Panic disorder is one of the more common anxiety disorders encountered in the primary care setting. Because patients with panic disorder may present with symptoms consistent with physical disorders, they may receive costly work-ups. One study that assessed a treatment strategy for panic disorders in the primary care setting showed initial benefit, but this effect tended to decrease after nine to 12 months of treatment. The treatment strategy consisted of a psychiatrist with proven expertise in treating anxiety disorders assisting family physicians with prescribing and managing medications without the use of psychotherapy. Roy-Byrne and colleagues evaluated the effectiveness of combined pharmacotherapy and cognitive behavior therapy (CBT) in the treatment of panic disorder in the primary care setting.

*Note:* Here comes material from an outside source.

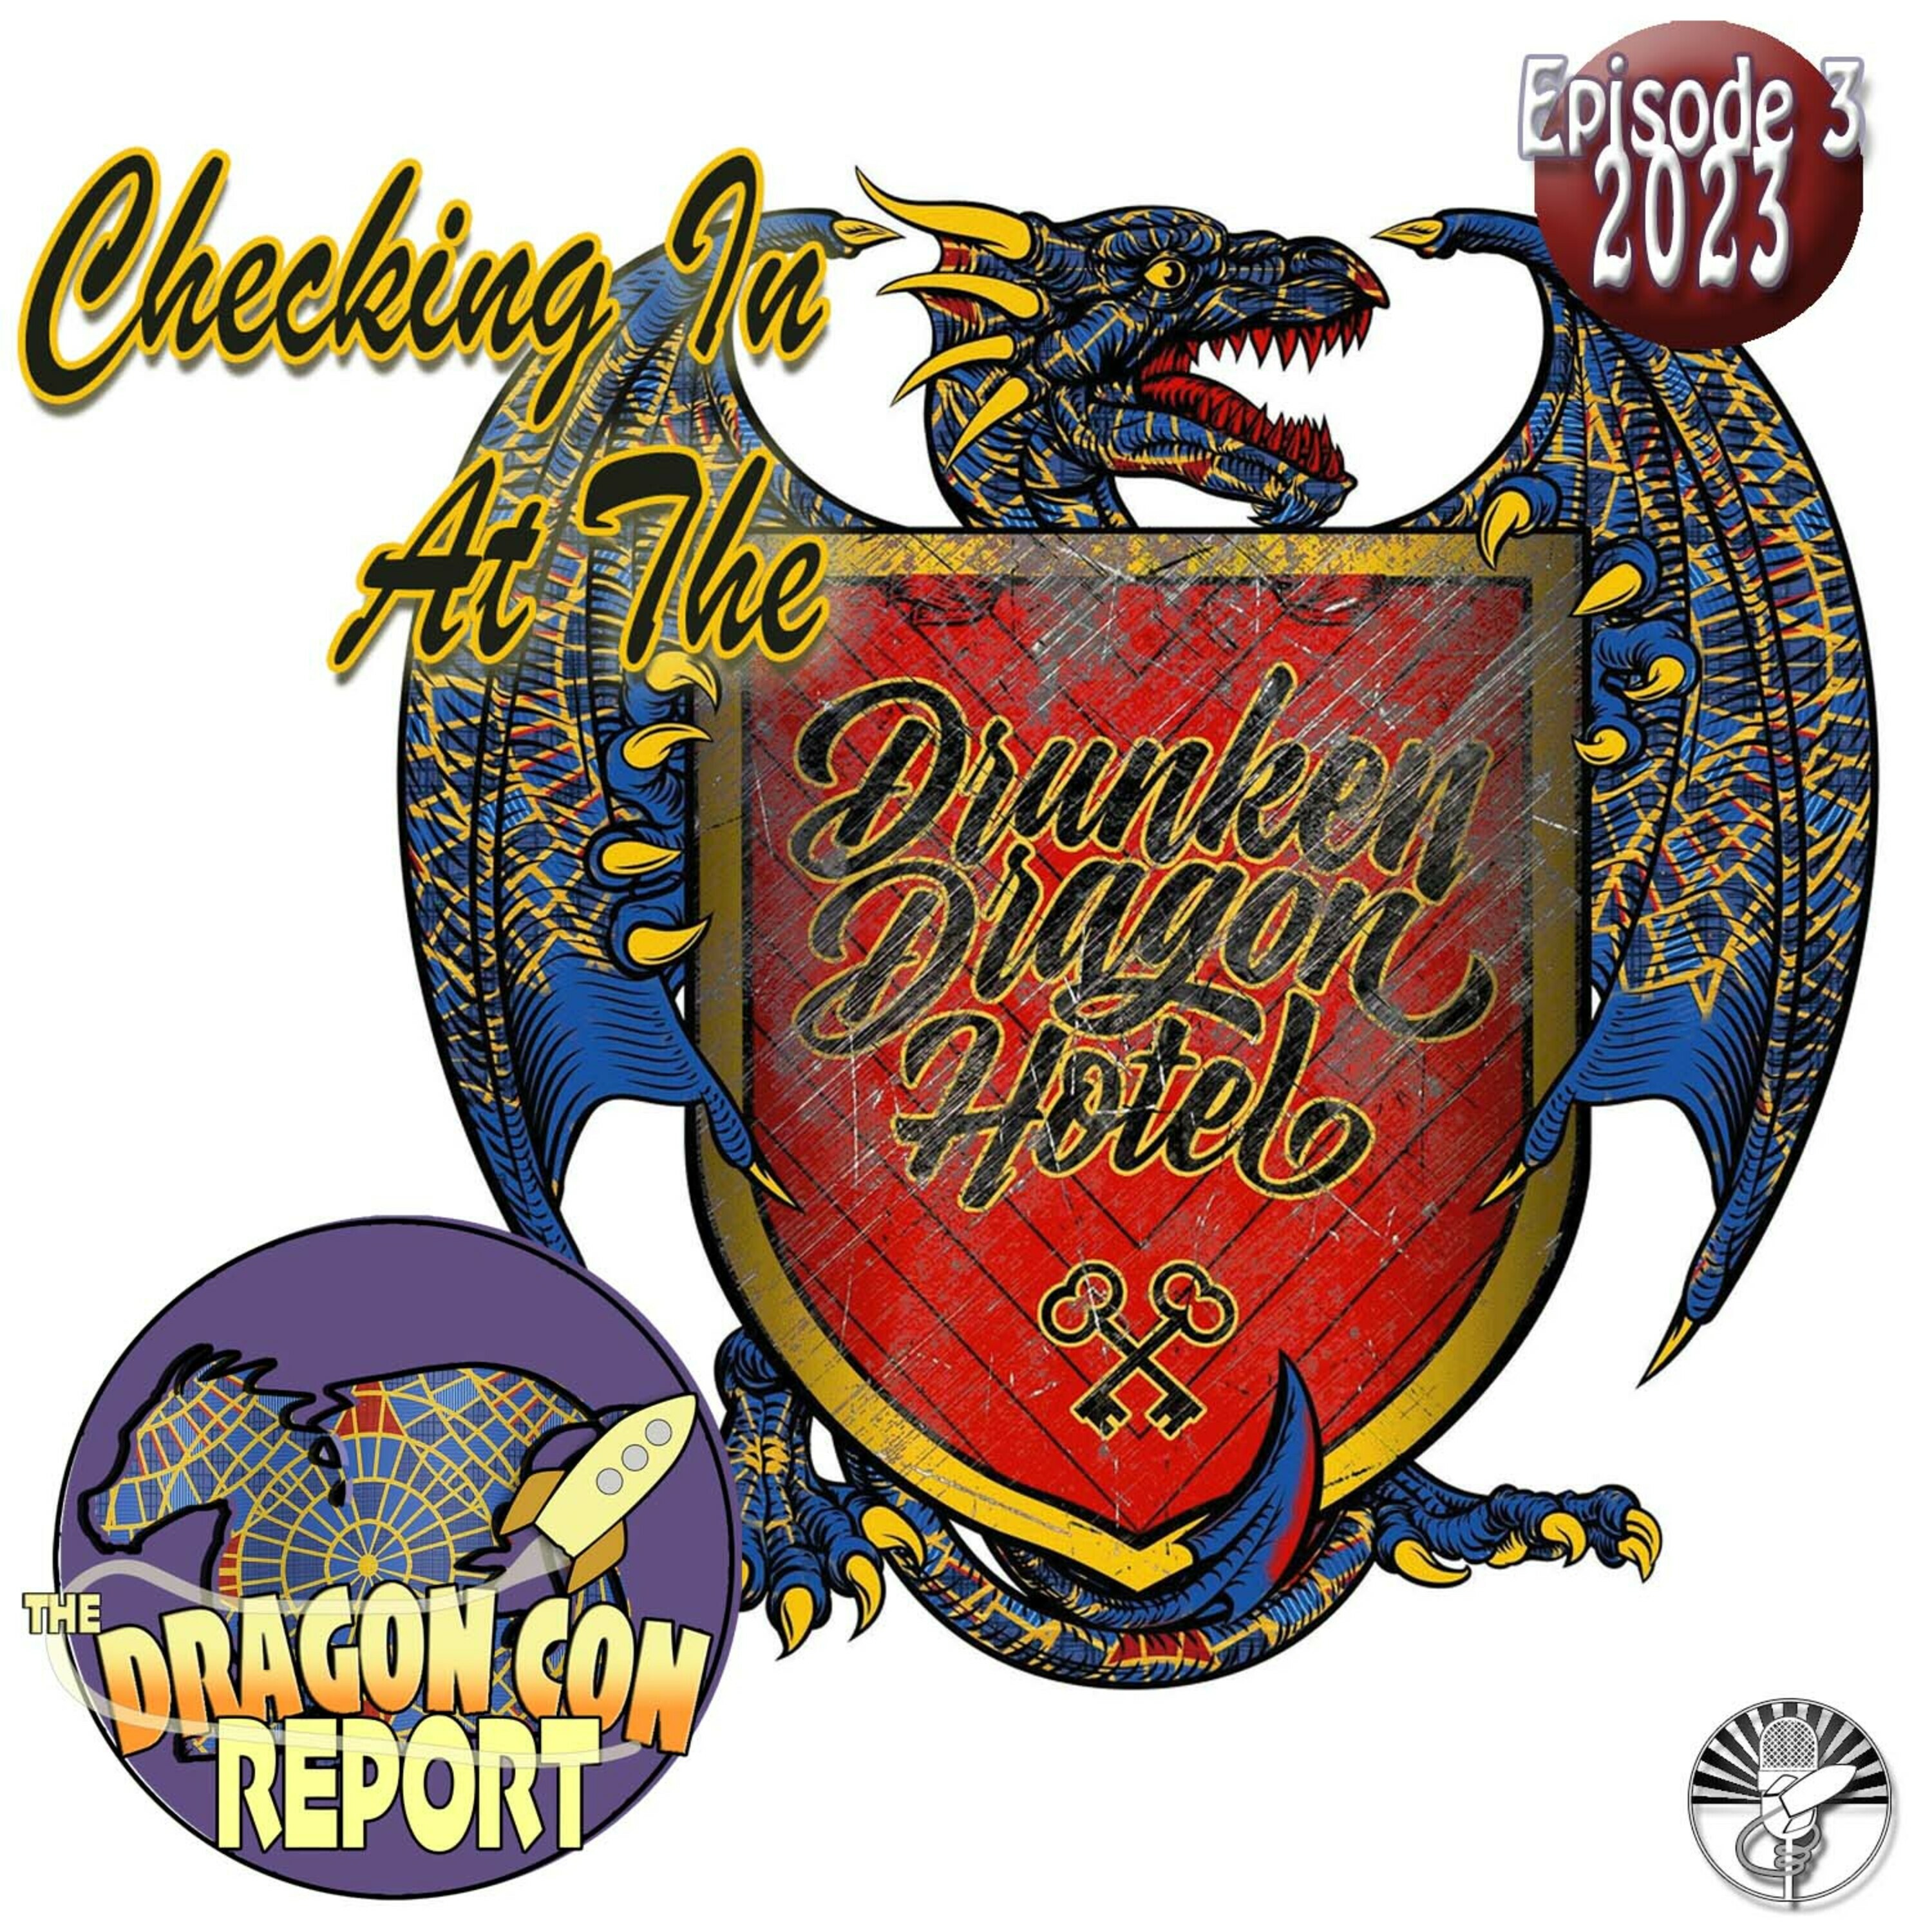 The 2023 Dragon Con Report Episode 3

The multicenter, randomized, controlled study compared an intervention strategy with usual care. Participants were between 18 and 70 years of age; met criteria for panic disorder described in the Diagnostic and Statistical Manual of Mental Disorders, 4th ed., and had at least one panic attack within one week before the study. The intervention was a collaborative care model with a behavioral health specialist who provided CBT and coordinated care with a family physician. CBT was provided in six sessions and followed up with phone calls for six months afterward. An algorithm-based pharmacotherapy strategy was provided for the family physicians, with assistance provided by a psychiatrist.
Usual care consisted of therapy from the family physician after the physician was informed of the diagnosis of panic disorder. Participants were evaluated every three months during the study with multiple evaluation tools. The main outcomes assessed were the number of patients who remitted and responded. Participants who were classified as remitted had no panic attacks within the previous month, minimal anticipatory anxiety, and a low agoraphobia subscale score. Response was defined as improvement over time in three of the assessment tools but failure to meet the definition for remission.
There were 232 patients who met the inclusion criteria and completed the study. The participants represented a wide range of ages and education and income levels. The intervention group had a better response to treatment in remission and response compared with the usual care group. This improvement was sustained over time, and participants continued to improve gradually. The significantly higher rates of improvement in the intervention group were present at all points of the study. At three months, 20 percent of the intervention group had met the criteria for remission versus 12 percent in the usual care group. At 12 months, 29 percent of the intervention group was in remission compared with 16 percent of the usual care group. At three months, 46 percent of patients in the intervention group had responded to therapy compared with 27 percent of the usual care group; after 12 months, the percentage of responders increased to 63 percent in the intervention group compared with 38 percent of patients receiving usual care.
The authors conclude that patients who receive a combination of CBT and antianxiety medications delivered by a behavioral health specialist in conjunction with a family physician and with the assistance of a psychiatric consultant show significant improvement in their symptoms of panic disorder compared with patients who receive usual care.